Abstract:
Sickle cell anaemia (SCA) is a severe monogenic disorder that results in abnormal hemoglobin
with sub-Saharan Africa bearing 75% of the global burden. Blood transfusion is an integral part
of patient management and the lack of alloantibody screening or extended matching beyond ABO
and RhD prior to transfusion in Kenya is likely to increase the risk of developing erythrocyte
alloantibodies. The burden of alloimmunisation and the phenotypic diversity of clinically
significant blood group antigens among individuals with sickle cell anaemia seeking care at the
Kilifi County Referral Hospital (KCRH) is unknown. This study aimed to determine the
prevalence of alloimmunisation and the diversity of clinically significant blood group antigens in
SCA patients in Kilifi.
The study included a retrospective cohort of 98 children with SCA aged 0-13 years who were
admitted to KCRH between 2003 and 2023, and a cross-sectional survey of 226 regular attendees
of the sickle cell clinic between 2023 and 2024. Plasma samples obtained were screened for
alloantibodies using standard 3-ID-Diacell, and identification was done using ID-diapanel cells.

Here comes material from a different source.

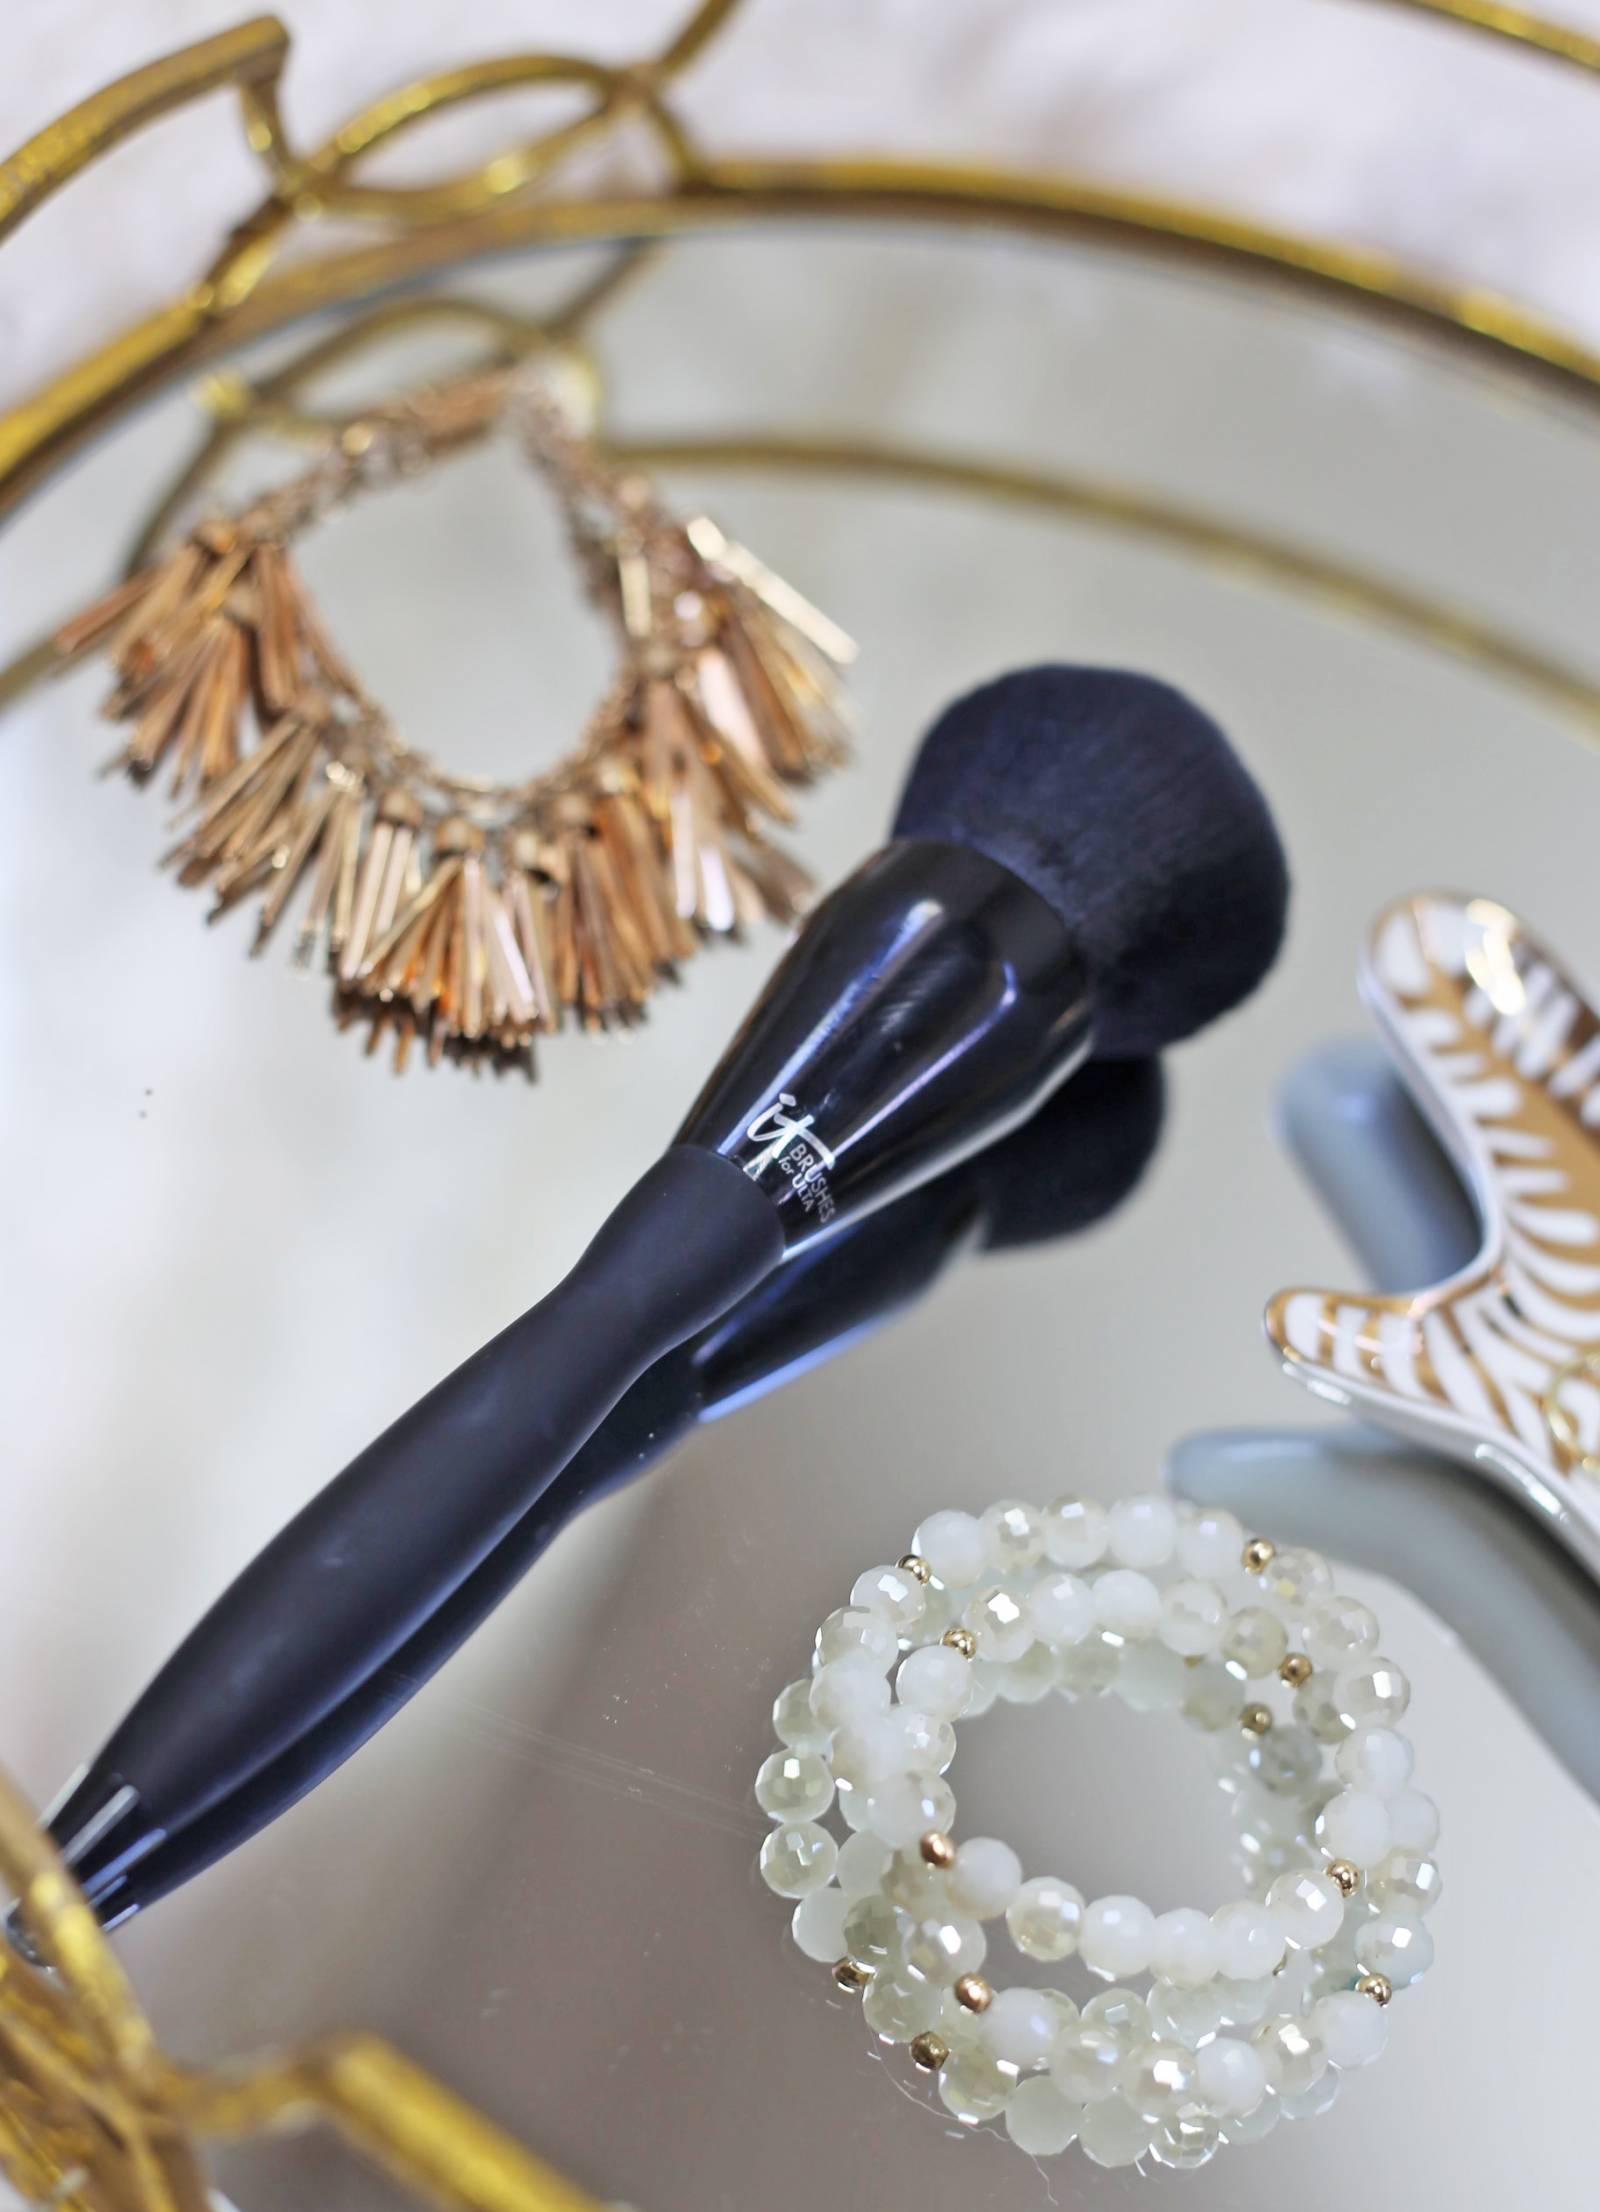 affordable blending brush   best beauty finds from ulta    spring beauty favorites    mash elle beauty blogger   Ulta makeup   naked   hoola   clinique

Participant erythrocytesfor the cross-sectional survey were phenotyped for 22 erythrocyte antigens
using commercial reagents, using standard serologic techniques from DiaMed GmbH,
Switzerland, Bio-Rad.
Alloantibodies were detected in 14/98 (14.3%) participants included in the retrospective study
period, while for the cross-sectional survey, alloantibodies were detected in 13/226 (5.8%)
participants. Fourteen alloantibodies were identified in both study designs: three anti-E, three anti D, two anti-M, whereas anti-S, anti-s, anti-Lua, anti-Lea, and anti-Leb were found in one individual
each. Older age was significantly associated with the development of antibodies (P = 0.02 in the
retrospective analysis and P = 0.04 in the cross-sectional analysis). The Rhesus and MNS blood
groups exhibited diverse phenotypes, with R0r (ccD.ee) having the highest frequency of 56.4%,
with R1R1 (CCD.ee), R1R2 (CcD.Ee), and R2Rz (CCD.EE) as the rarely expressed Rh phenotypes.
M+N+S-s+ was expressed (36.7%), and M+N+S+s-, M-N-S-s+ were rarely expressed MNS
phenotypes. Other rare phenotypes in Kell, Lewis and Duffy were K+k+, Le(a+b+) and Fy(a+b+),
respectively.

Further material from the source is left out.